It’s beginning to look as if one of the first returns SBC is getting from
its $16 billion acquisition of AT&T is a legal and public relations
nightmare.
The old Ma Bell, it seems, has no problem with turning over your
e-mail to the National Security Agency (NSA).
No warrant? No problem.
According to a lawsuit filed by the Electronic Frontier Foundation (EFF),
AT&T apparently didn’t blink when the NSA approached the telecom
giant in the aftermath of 9/11 for help in mounting what the EFF called a
“massive and illegal program to wiretap and data-mine Americans’
communications.”
Most of the EFF’s proof is currently under a court seal, but the key witness
in the EFF lawsuit has gone public.
“Based on my understanding of the connections and equipment at issue, it
appears the NSA is capable of conducting what amounts to vacuum-cleaner
surveillance of all the data crossing the Internet — whether that be
people’s e-mail, Web surfing or any other data,” former AT&T technician Mark
Klein said in a statement released by his lawyers.
AT&T, according to Klein, is supplying all the data for the NSA’s data-mining activities.
Klein claims AT&T has secret rooms in company facilities in San Francisco,
San Jose, Los Angeles, San Diego and Seattle containing data-mining
equipment, made by Mountain View, Calif.-based Narus, that serves as a
“semantic traffic analyzer.”
“The Narus technology is known to be used particularly by government
intelligence agencies because of its ability to sift through large amounts
of data looking for pre-programmed targets,” Klein stated.
In his statement, Klein said his duties at AT&T included overseeing the
company’s Worldnet Internet room, where he discovered fiber optic cables
channeling e-mail to the Narus equipment.
“While doing my job, I learned that fiber optic cables from the secret room
were tapping into the Worldnet circuits by splitting off a portion of the
light signal,” Klein stated.
Klein added he has design documents that instructed technicians on how to
connect circuits to the Narus equipment.
“The circuits listed were peering links, which connect Worldnet with other
networks and hence the whole country, as well as the rest of the world,”
Klein said.
AT&T’s reaction to all this is not exactly a ringing denial. Admitting
nothing, AT&T went to court earlier this week to argue that Klein’s
documents shouldn’t be used in the EFF lawsuit. And they want the docs
back.
In other words, blame the whistleblower. Beyond that, AT&T has nothing to
say.
The EFF, on the other hand, has plenty to say.
“The evidence that we are filing supports our claim that AT&T is diverting
Internet traffic into the hands of the NSA wholesale in violation of
federal wiretapping laws and the Fourth Amendment,” EFF staff attorney Kevin
Bankston said earlier this month.
“More than just threatening individuals’ privacy, AT&T’s apparent choice to
give the government secret, direct access to millions of ordinary Americans’
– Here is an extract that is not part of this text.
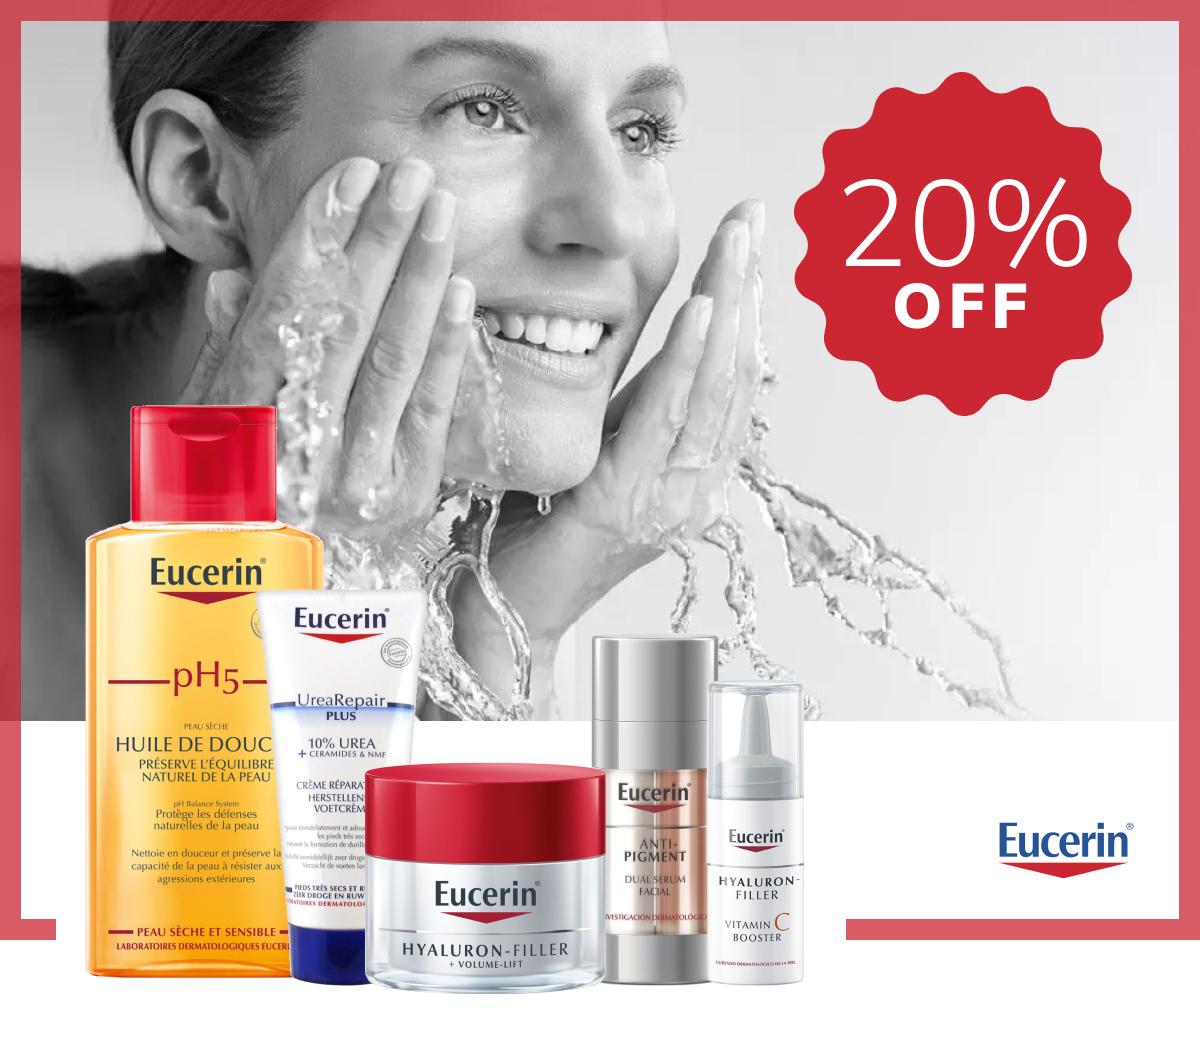 Eucerin Facial Care

Internet communications is a threat to the Constitution itself. We are
asking the court to put a stop to it now.”
In addition to Klein’s statements and documents, the EFF evidence of AT&T’s
“dragnet surveillance of its networks” includes expert testimony by J. Scott
Marcus, who served as an Internet technology senior advisor for the Federal
Communications Commission (FCC) from 2001 to 2005.
“The public deserves to know about AT&T’s illegal program,” said EFF Legal
Director Cindy Cohn. “In an abundance of caution, we are providing AT&T with
an opportunity to explain itself before this material goes on the public
docket, but we believe that justice will ultimately require full
disclosure.”
If that happens, SBC may well be second-guessing its decision to adopt the
AT&T name.
“AT&T is a name with a proud
heritage known and respected around the globe,” SBC said when it changed names.
If the courts prove that AT&T facilitated massive domestic spying, that respect
is going to take a hit. And it should.